6. Select Python 3.8 as the Runtime.

7. Expand Choose or create an execution role under Permissions and select Use an existing role.

8. Select the Lambda_IoT_role that we defined earlier

9. Click on Create function.

When the AWS Lambda function has been successfully created, the user should be redirected to the Configuration page for the iot_Core_to_CwMetrics function. This page can also be found by selecting Functions in the menu on the left-hand side in AWS Lambda and then selecting the function from the list.

Triggering the Lambda function for relevant MQTT packages

The next step is to configure the Lambda function to trigger when messages containing sensor data are published over MQTT in AWS IoT Core:

1. On the Lambda function’s configuration page, expand the Designer panel.

2. Click on Add trigger.

3. Select AWS IoT as the trigger in the dropdown menu.

4. Select Custom IoT rule.

5. In the Rule dropdown, select Create new rule.

6. Enter RouteSensorData as the Rule name.

7. Enter SELECT * FROM “$aws/things/ThingName/shadow/#” as the Rule query statement.
   NOTE : ThingName is the unique serial number of the device

8. Click Add.

Implementing the Lambda function

1. Ensure that the iot_Core_to_CwMetrics function is selected in the Designer panel.

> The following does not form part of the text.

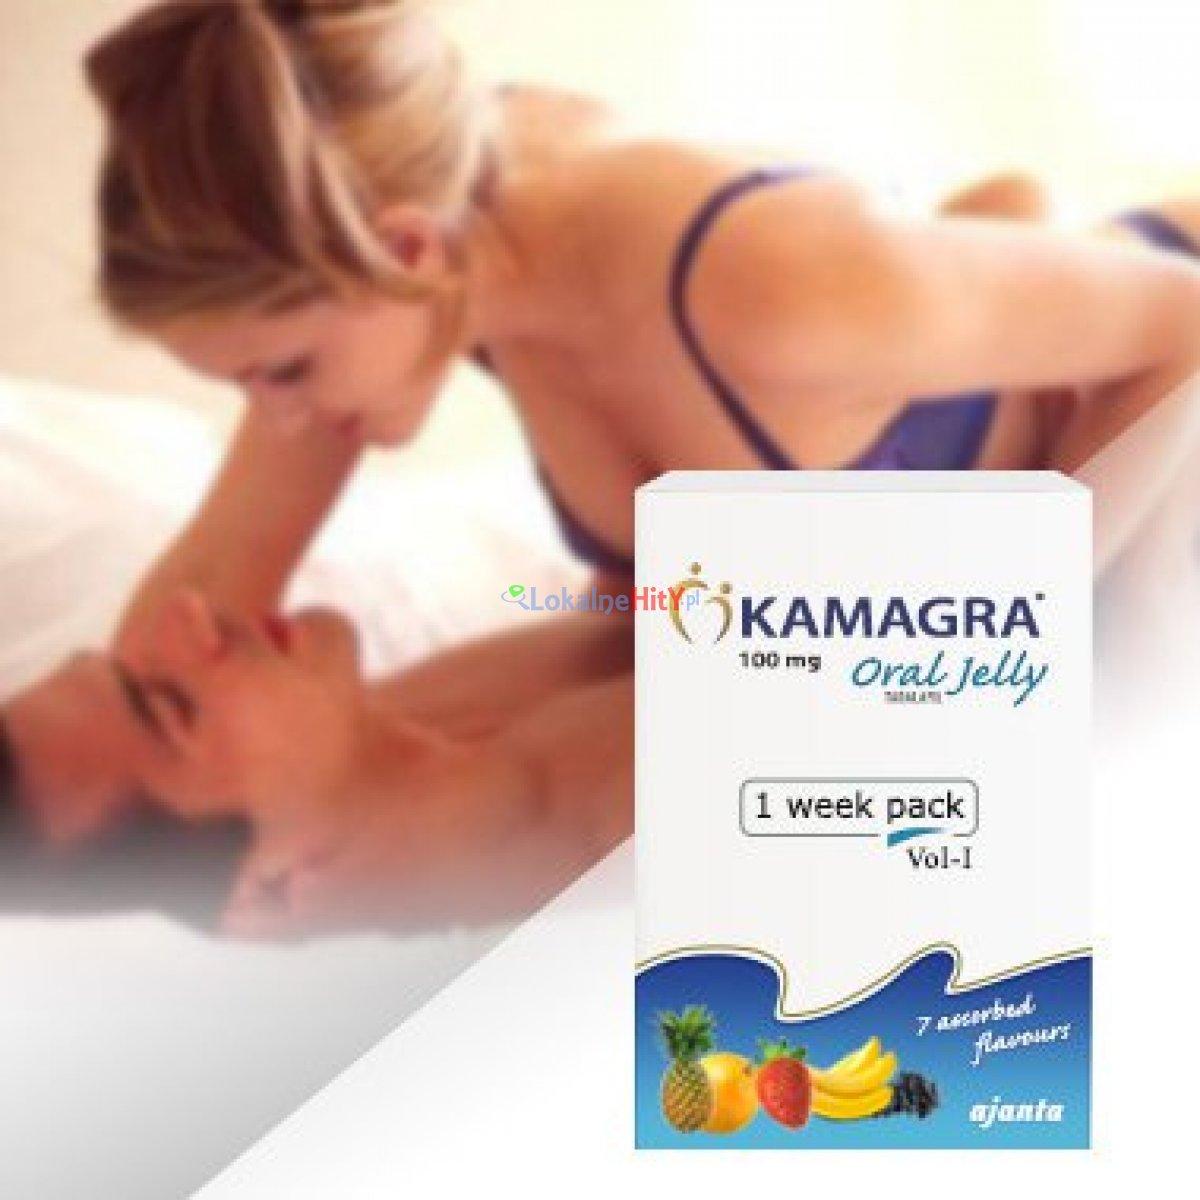 Sprzedam leki na potencje atrakcyjne ceny promocje gratisy Kamagra oraz inne leki 20 produktów od 7 pln za tabletke

2. Paste the following Python code in the editor in the Function code panel

    import json # Python library for dealing with JSON objects
    import boto3 # boto3 is the AWS SDK for Python
      
    cloudwatch = boto3.client('cloudwatch')
      
    #Define payload attributes that may be changed based on device message schema
    ATTRIBUTES = ['temperature','light','state','reported']
      
    # Define CloudWatch namespace
    CLOUDWATCH_NAMESPACE = "thingls60/MonitorMetrics"
      
    # Define function to publish the metric data to CloudWatch
    def cw(topic, metricValue, metricName):
        metric_data = {
            'MetricName': metricName,
            'Dimensions': [{'Name': 'topic', 'Value': topic}],
            'Unit': 'None',
            'Value': metricValue,
            'StorageResolution': 1
        }
      
        cloudwatch.put_metric_data(MetricData=[metric_data],Namespace=CLOUDWATCH_NAMESPACE)
        return
      
    # Define the handler to loop through all the messages and looks to see if the message    attributes
    # include light or temp and calls the cw() function if so to publish the custom metrics    to Amazon CloudWatch
    def lambda_handler(event, context):
        my = list(event.values())
        my_list = list(my[0].values())
        print(my_list[0])
      
        for e in my_list[0]:
            print("Received a message: {}".format(str(e)))
            print(e) # Potential test point
      
            # Iterate through each attribute we'd like to publish
            for attribute in ATTRIBUTES:
                # Validate the event payload contains the desired attribute
                if attribute  in e:
                    print("publishing {} to CloudWatch".format(attribute))
                    cw("PIC32CMLS", my_list[0][attribute], attribute)
        return event
   

3. Click Save

Visualizing sensor data in cloudwatch

1. Search CloudWatch in AWS search box and open it
   
2. Click on Dashboard on the right side of the window under CloudWatch
   
3. Click on Create Dashboard
   
4. Enter Dashboard name as pic32cmls60_dashboard and click on Create Dashboard
   
5. Under Add widget Select Number
   
6. Under Add metric graph, select thingls60/MonitorMetrics and then topic
   
   
7. Under Metrics, select BOTH PIC32CMLS temperature and light metrics
   
8. Navigate to Graphed metrics and change the period to 1 second in both temperature and light metrics. Then click on Create widget

9. Click Save dashboard

10. This Dashboard page refreshes every 10 seconds and update the sensor data. Note : ** Your custom dashboard can be found in **CloudWatch > Dashboards > your dash board name (here it is pic32cmls60_dashboard).The non-secure temperature data is shown by default.To view secure light sensor data press SW0 on the PIC32CMLS60 curiosity pro evaluation kit.To stop viewing it press SW1.